Every month, I’m going to pay that flat monthly premium for a year, and it’s going to be the same whether I use it or not. So if I have open heart surgery, I need a transplant, I need my leg amputated and a prosthetic, therapy, still going to cost me $120/month. The downside of that is if you’re like my dad and you never go to the doctor, you’re paying $120/month, each and every month. So you look at somebody that goes to the doctor twice a year, how much were they actually paying for that doctor visit? When they actually go to the doctor, they’re not digging in their pocket for a co-pay. They don’t pay anything at the doctor so they love that. But what’s their actual cost, right?
So their actual visit was costing them $500, if they went twice. They might be a lot happier with a Medicare Advantage plan where, if they only went to the doctor twice and it was a regular family doctor, they went twice last year, their total cost out-of-pocket would be $20. Now, they would have had to dig into their pockets for their co-pay, and some people just don’t like that. They don’t like having to get their checkbook out or get some cash out every time. It’s just not for them. They’ll pay more for the flexibility of having it all paid for and having a set budget.

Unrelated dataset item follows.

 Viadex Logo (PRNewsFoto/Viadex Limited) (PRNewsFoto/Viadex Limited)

And then also, the big difference is of course your access to providers. With the Medicare Supplement, you can go to any doctor and any hospital. Medicare so it’s completely flexible across the nation. You can put it in your pocket and go out traveling, you know you’re not going to have trouble. With Medicare Advantage, depending on the type of product that you bought, and there are many different types of products that fall under the Medicare Advantage umbrella. Private Fee for service, PPO, HMO, cost plans, there are many different kinds of plans. Some have a much wider range of doctors that you are eligible to see, some are a lot more restrictive like the HMO model. So, depending on which type of plan you have, you might not want to travel. It might be too much of a hassle. Or you might not want to take the risk of spending six months a year in Florida at your second house. This might be a better fit for you.
Budget is always a big consideration, right?

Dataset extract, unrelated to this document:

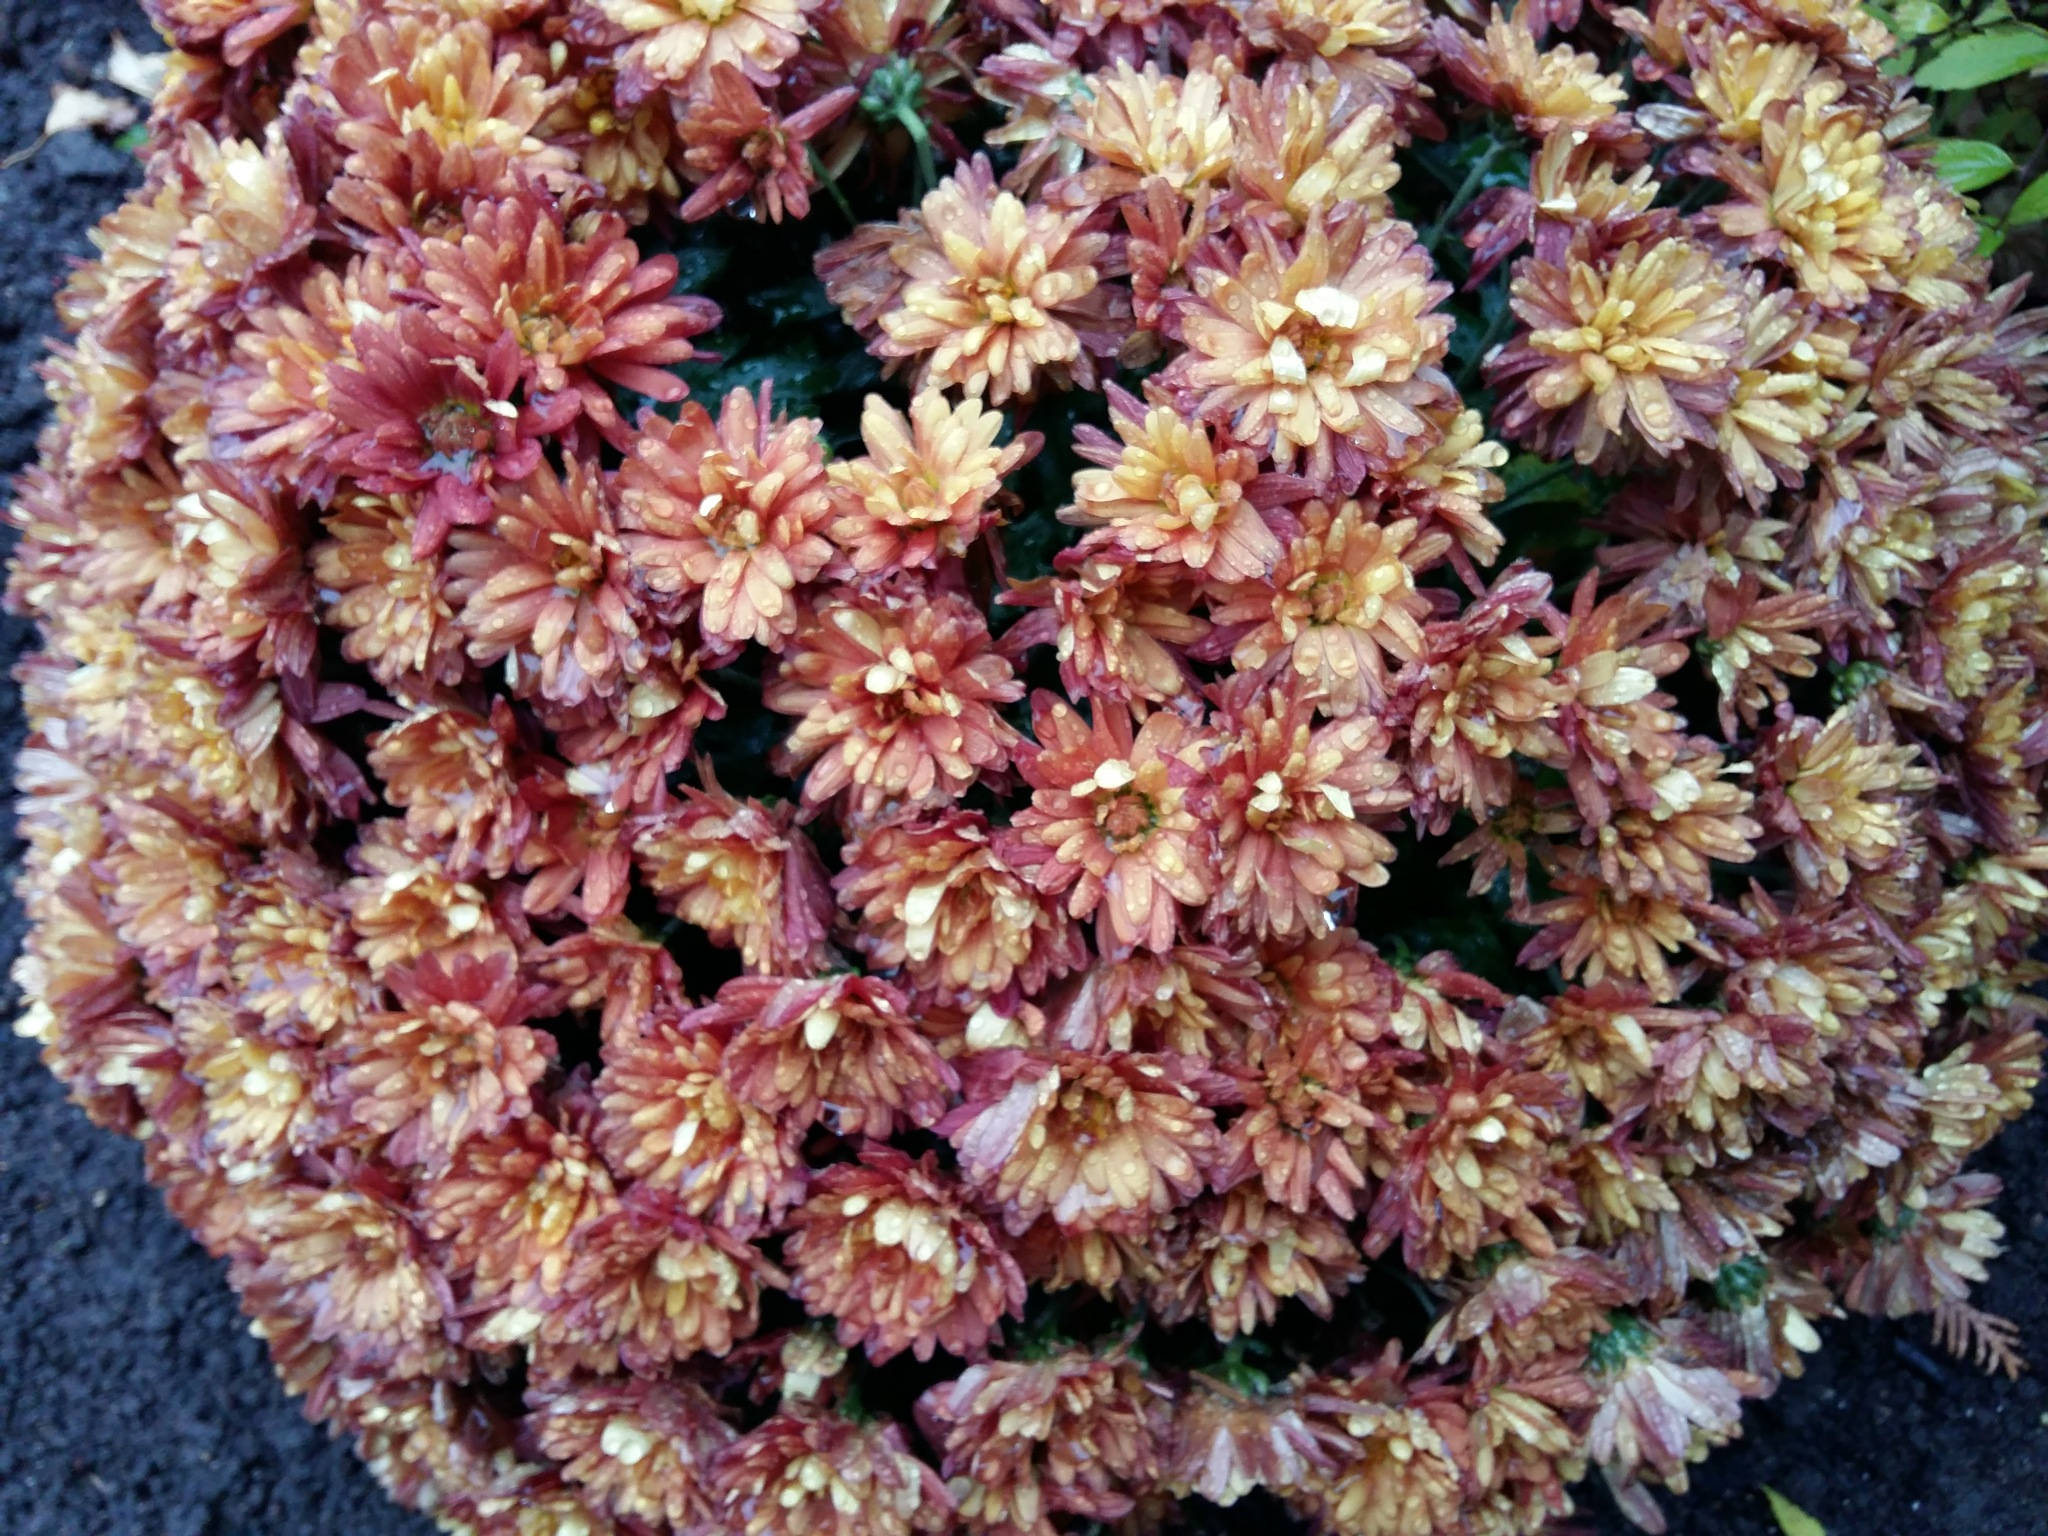 Flowers after rain by uzkuraitiene62

This is $120/month. This is $0/month. Which one’s cheaper? What’s the bottom line? Like I said, everybody wants a shortcut. I don’t know what’s the bottom line. I don’t know what your actual costs will be. If you can tell me with certainty how much medical care you’re going to need this year, you’re going to go to the ER, you’re going to break your write, you’ll have bronchitis in the winter, if you can tell me with certainty, I can tell you exactly how much it will cost you here and which plan will be better, but you can’t. So I can’t tell you which one’s actually going to save you the most money.
You can look at your past history and see, based on the last five years, which one would have come out more economical for you. But insurance is all about risk and what you feel comfortable with. So the total risk right here is at $120 times 12. Your total risk on Medicare Advantage of course is going to be the floor. Most plans have a ceiling and we’ll see every plan have a ceiling soon, I think legislation’s coming, where you can’t pay more than a certain amount. Typically, $3000-5000. Once you hit that amount, you wouldn’t pay any more in a year. So, this plan is a $4000, and we know every year, this plan’s a $1400 plan, we can see a double risk. But you also take the risk that you would save more money on this side.
So, I go back to what I started with: there is no best plan. But it is typically very wise to at least get some coverage over Part A and Part B Medicare so you have some help should you incur medical expenses during the year.